Karena itu BI menyebut risiko perekonomian global tahun depan makin tinggi. Bukan hanya karena meningkatnya ketegangan geopolitik, tapi juga karena fragmentasi perdagangan tersebut.
Fragmentasi perdagangan itu juga akan membuat inflasi dunia kembali meningkat, karena harga barang-barangnya lebih tinggi.
Baca juga: Data BI Ini Menunjukkan Ekonomi Makin Lesu pada September 2024
Sebaliknya di AS, proses penurunan inflasi yang saat ini 2,7 persen akan berjalan lebih lambat sehingga penurunan bunga acuan bank sentral AS, The Fed, atau Fed Funds Rate (FFR), akan lebih terbatas.
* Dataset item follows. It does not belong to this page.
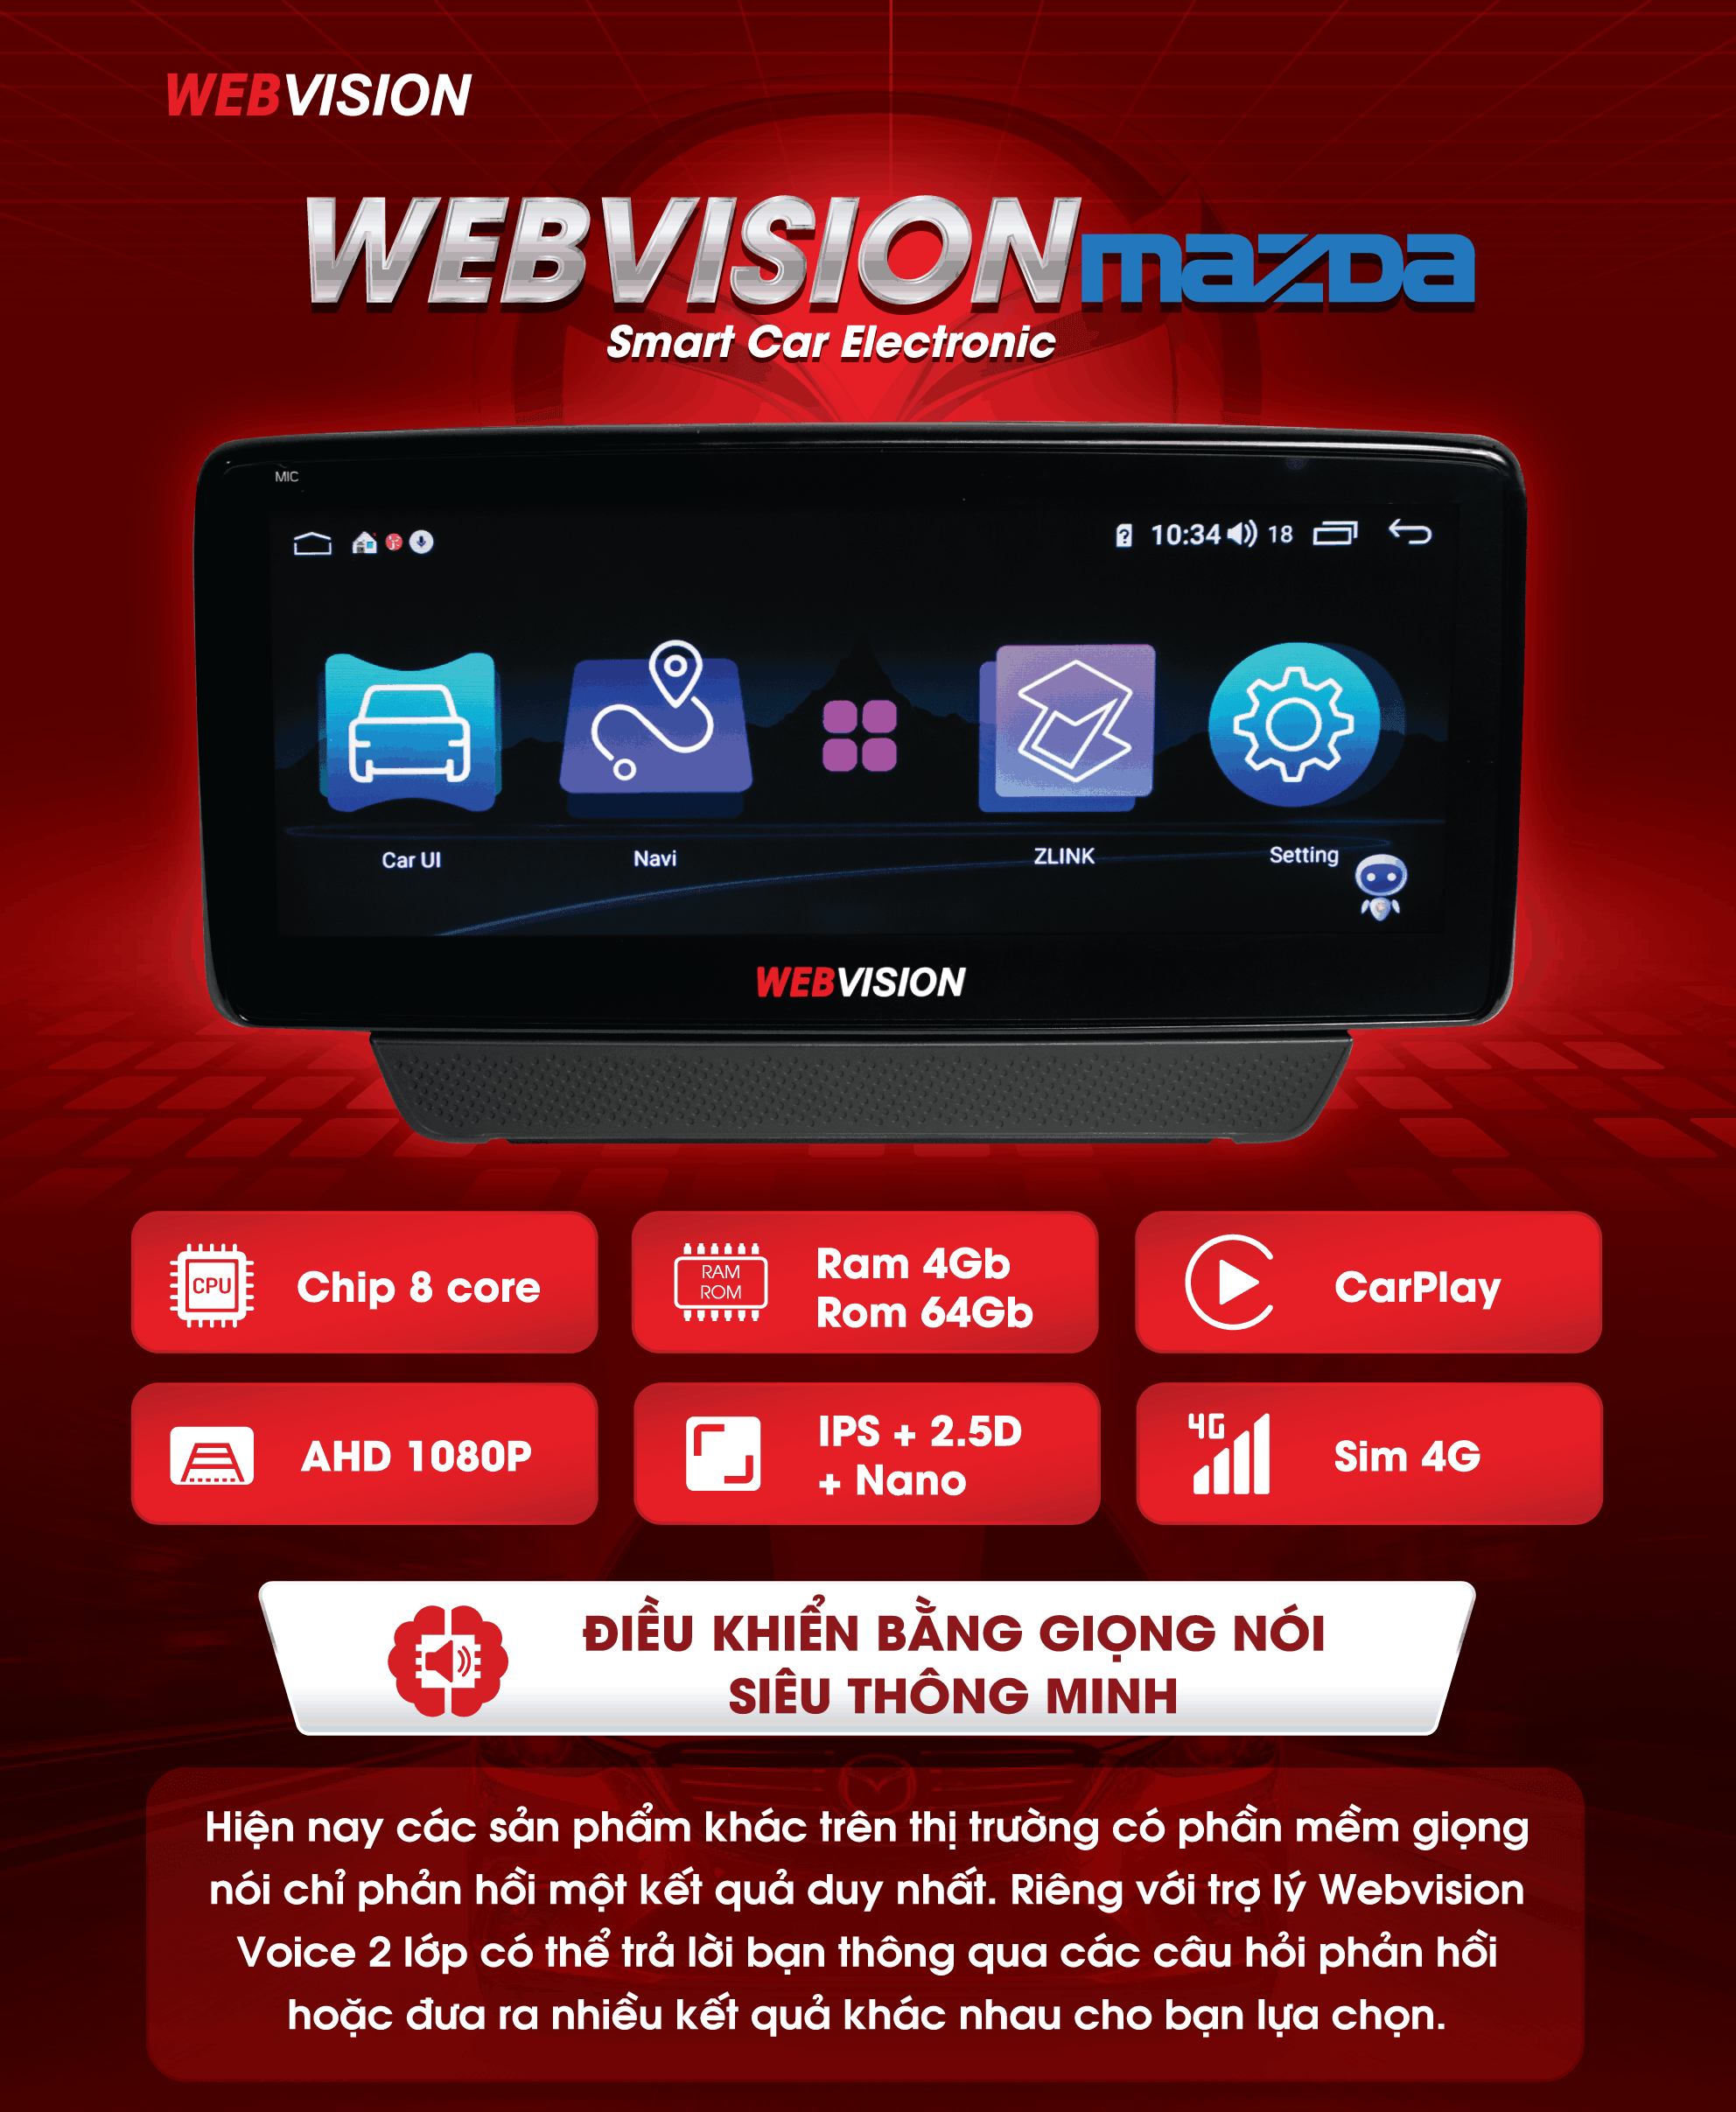 lắp đặt webvision mazda 6 chính hãng - giá tốt tại thành nam gps

Semula BI memperkirakan FFR akan turun 75-100 bps atau 3-4 kali tahun depan. Tapi, dengan Trump menjadi presiden, penurunannya diperkirakan hanya 50 bps atau 2 kali saja. “Desember mendatang The Fed diperkirakan hanya akan memangkas suku bunga 25 bps saja,” ujar Perry.
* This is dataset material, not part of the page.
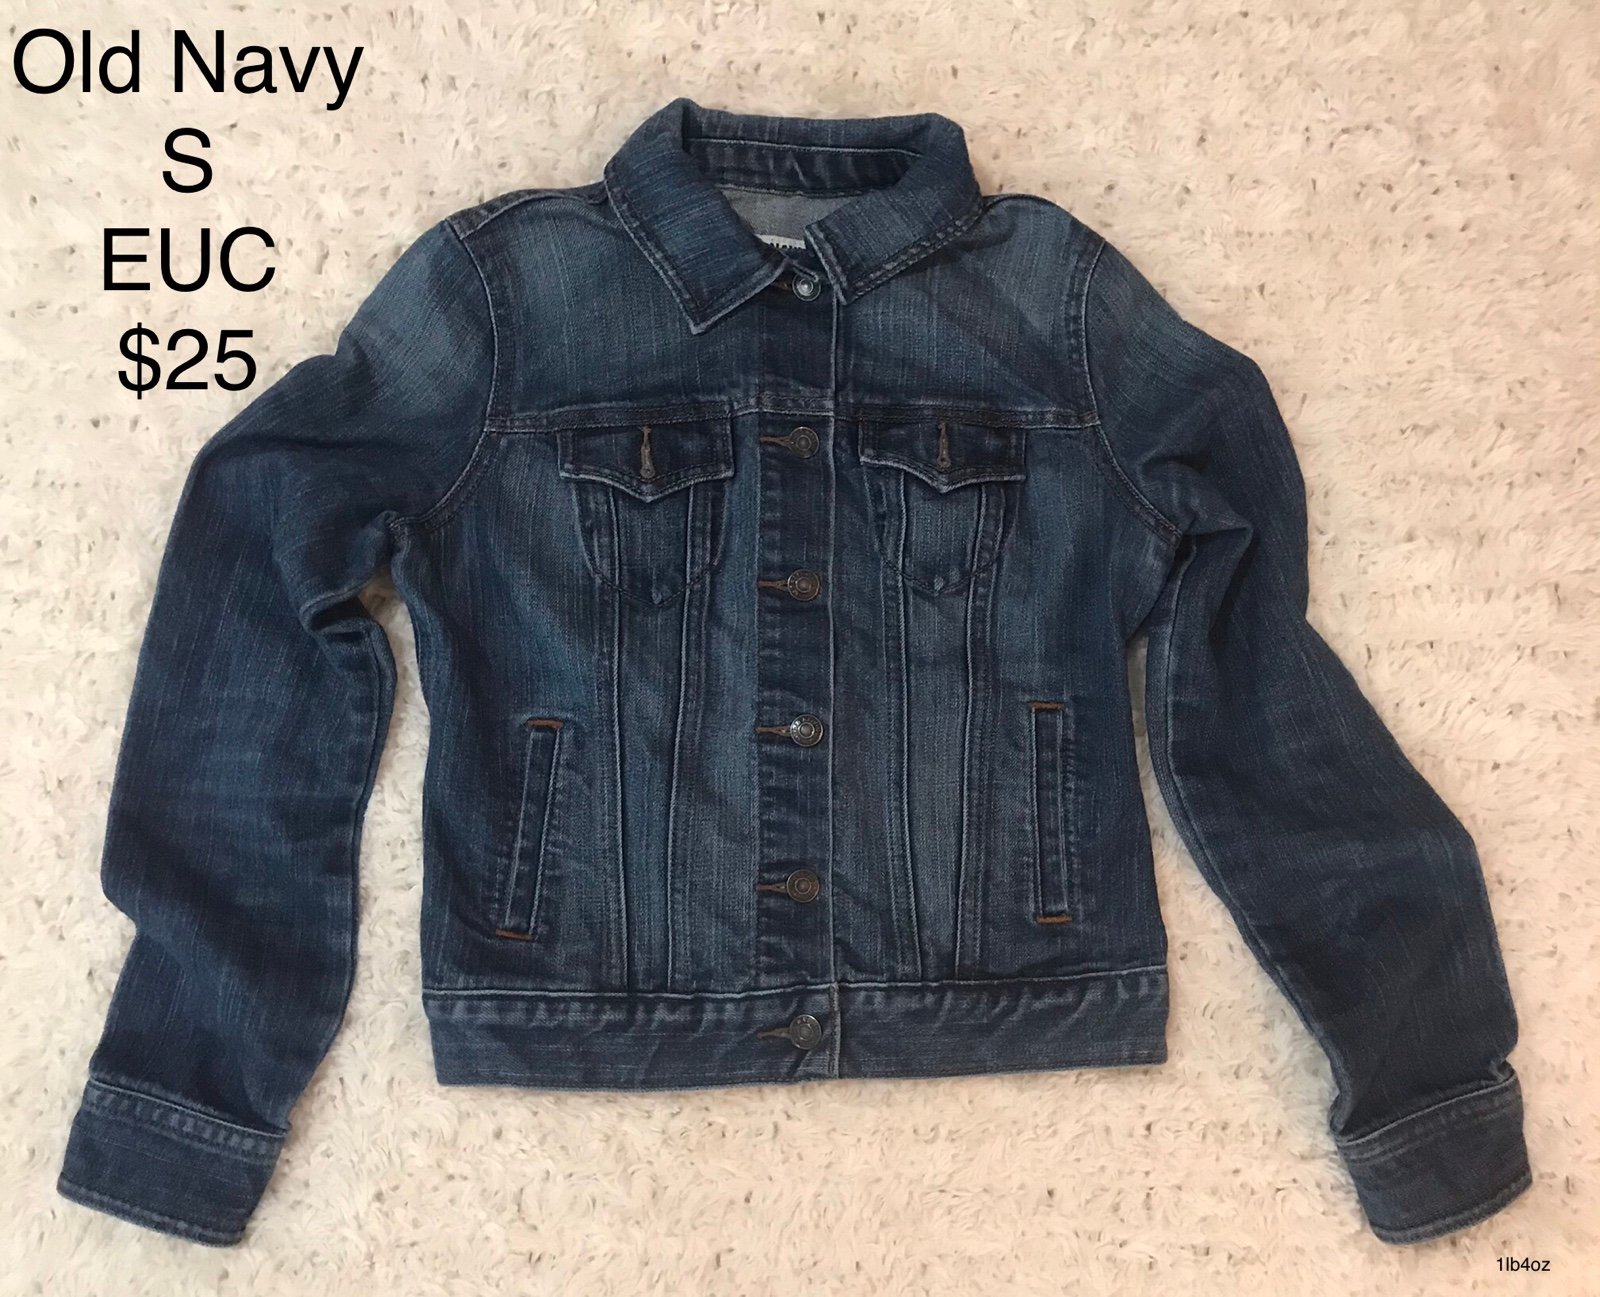 Custom Small Women’s Old Navy Jean Jacket - Dark Wash Denim Button Down Coat MeYYEQPvJ Everyday Low Prices

Di pihak lain kebutuhan pembiayaan defisit fiskal yang lebih besar dengan menerbitkan surat utang, akan mendorong kenaikan imbal hasil (yield) surat utang pemerintah AS, US Treasury.
Akibatnya, dolar AS makin menguat secara luas, karena berbaliknya preferensi investor global dengan memindahkan portofolio investasinya kembali ke AS karena yield-nya yang lebih menarik.
“Semua itu mendorong pelemahan nilai tukar berbagai mata uang dunia termasuk rupiah (terhadap dolar AS) semakin tinggi, karena aliran keluar investasi portofolio asing tersebut,” jelas Perry.